SHIPLEY MP Philip Davies has joined with clinicians and disabled people living with Brittle Bones and associated conditions to celebrate the care given by NHS specialist centres to children with the condition across the UK.

At a parliamentary reception held on June 6, the MP for Menston and Burley-in-Wharfedale congratulated the Brittle Bone Society on its 50th anniversary and applauded those NHS specialist services which had been presented with awards to celebrate the difference which the service is making to children’s lives.

The charity also highlighted the discrepancies that exist between child and adult services, and the need for continued and multi-disciplinary services for this lifelong condition.

Patricia Osborne, CEO of the Brittle Bone Society, said: “We were incredibly honoured to be able to hold this reception at the House of Commons and to celebrate our 50 years of supporting people with Osteogenesis Imperfecta, (OI).

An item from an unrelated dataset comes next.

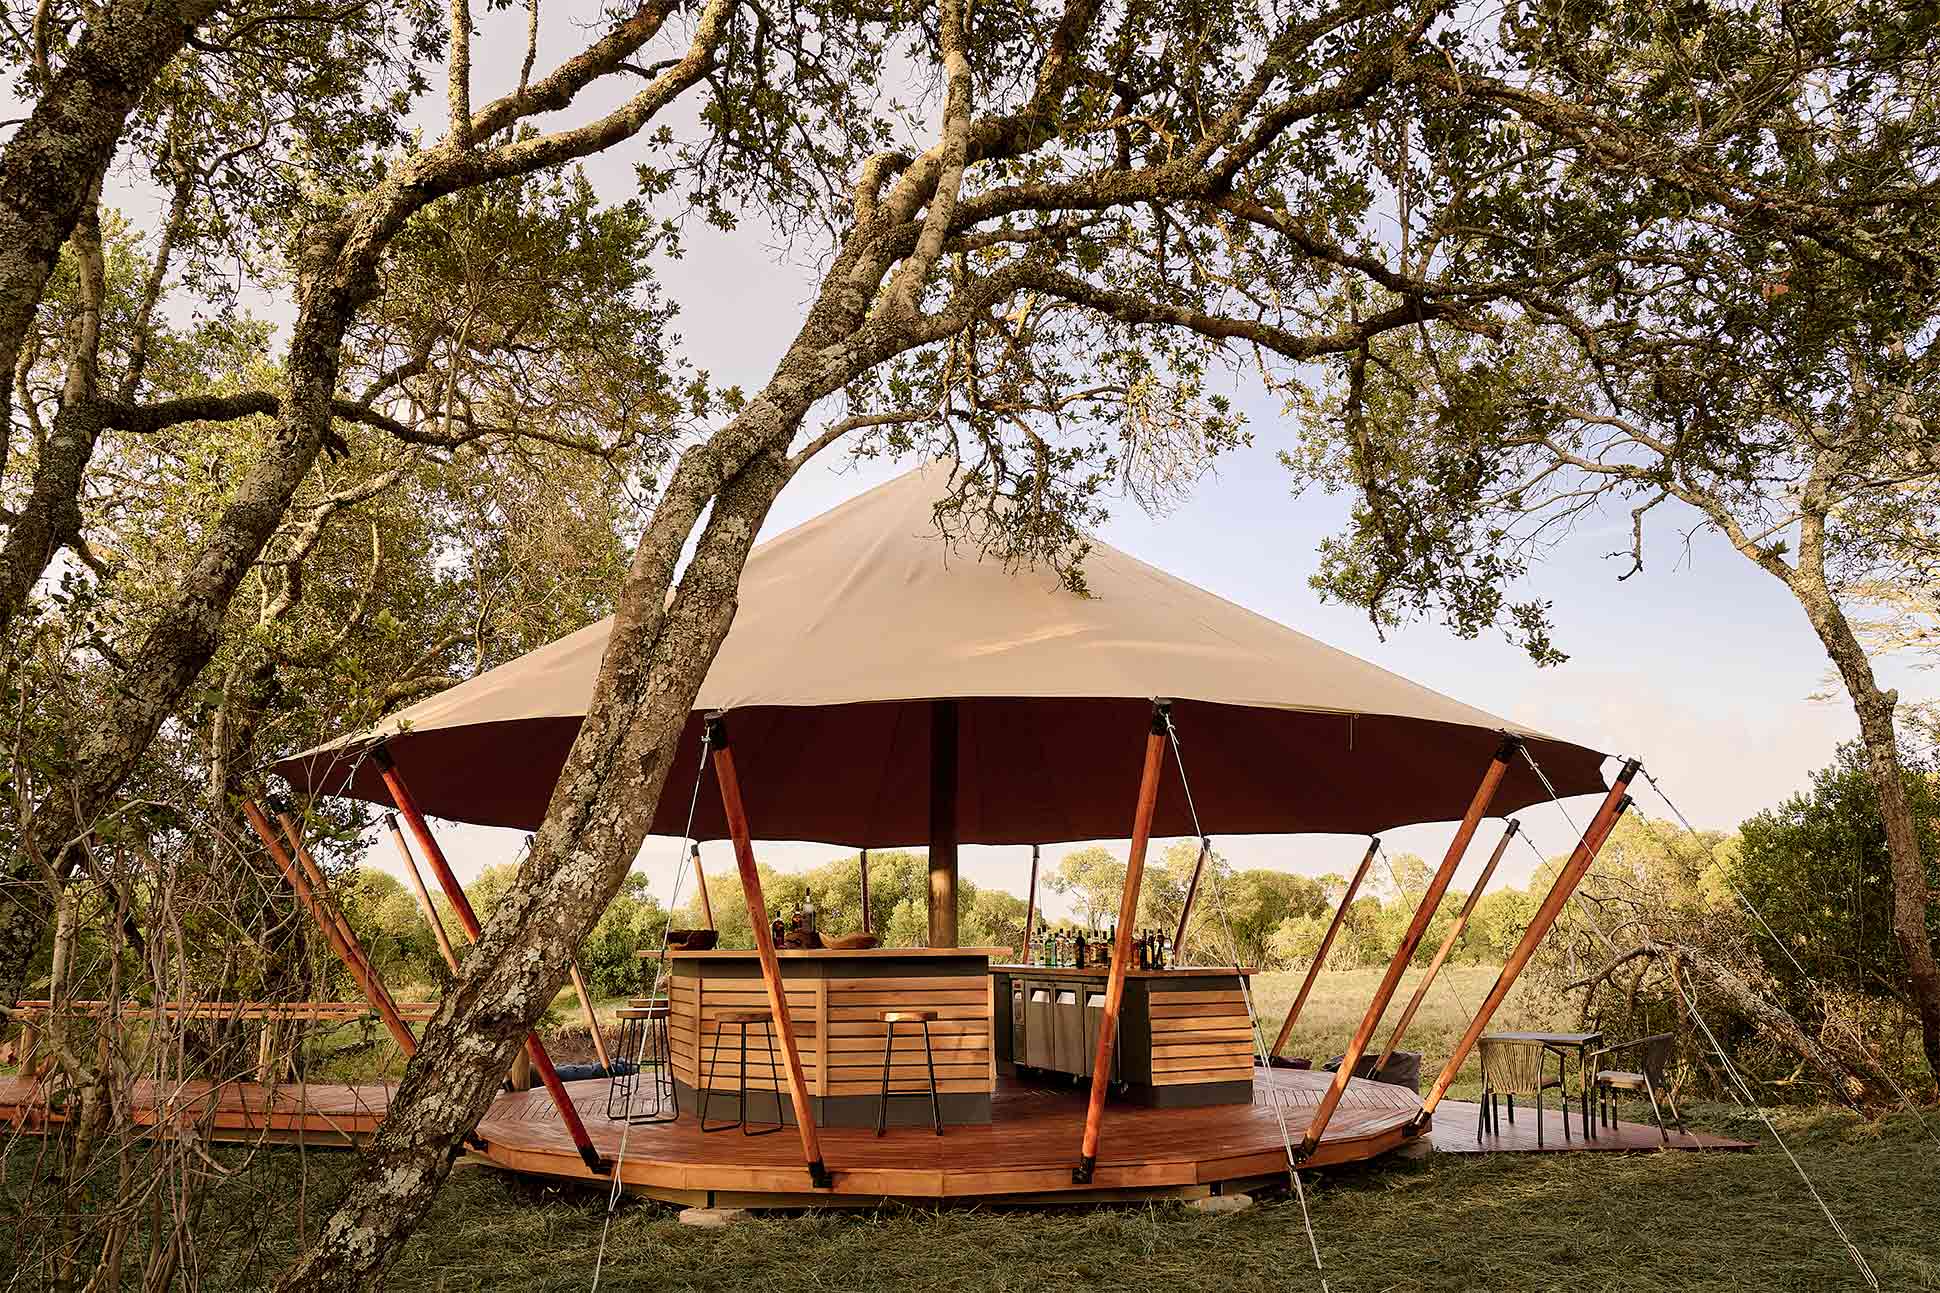 Boma bar tent at Sanctuary Tambarare, Ol Pejeta Conservancy, Kenya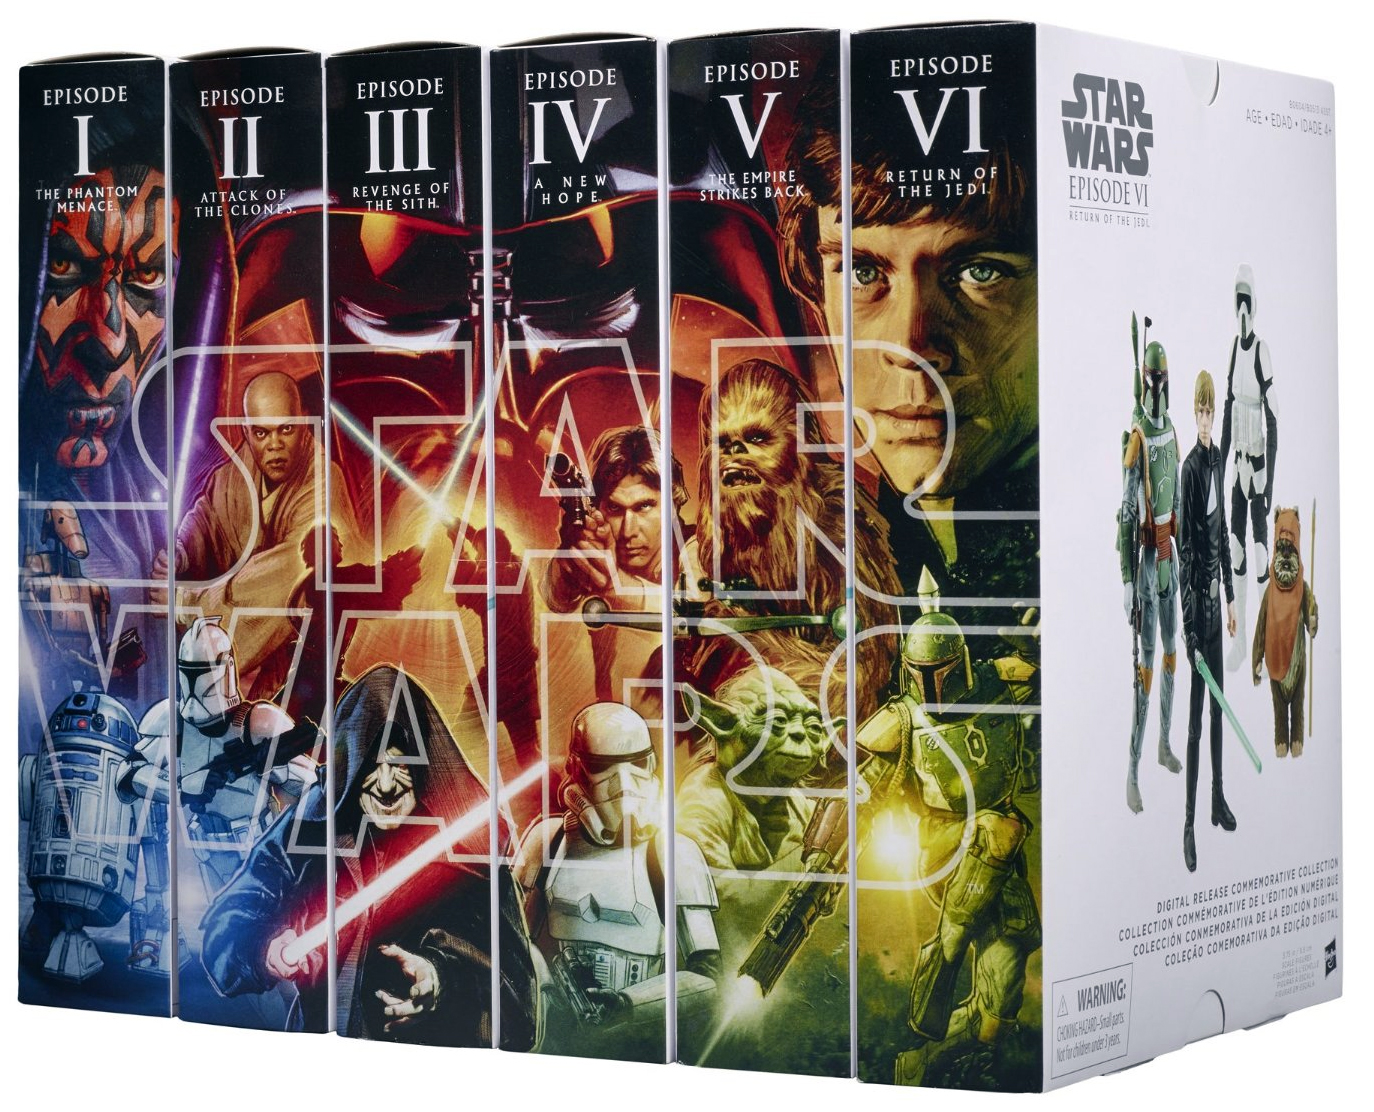 Star Wars Digital Release Commemorative Collection box set

“It was an absolute pleasure to be able to thank and reward all the wonderful NHS staff who work tirelessly in supporting us and our members, and to recognise the advances in healthcare achievements throughout the years.

“There is much to build on as we ensure that adults with the condition also feel fully supported.”

Samantha Renke, disability campaigner and actress, said, “It was great to see the Brittle Bone Society have this opportunity to raise awareness of this rare condition and highlight the needs that so many of us living with OI come across on a regular basis.

“The treatment when you are a child is excellent, but the minute you turn 18, you end up being the expert on your own condition.”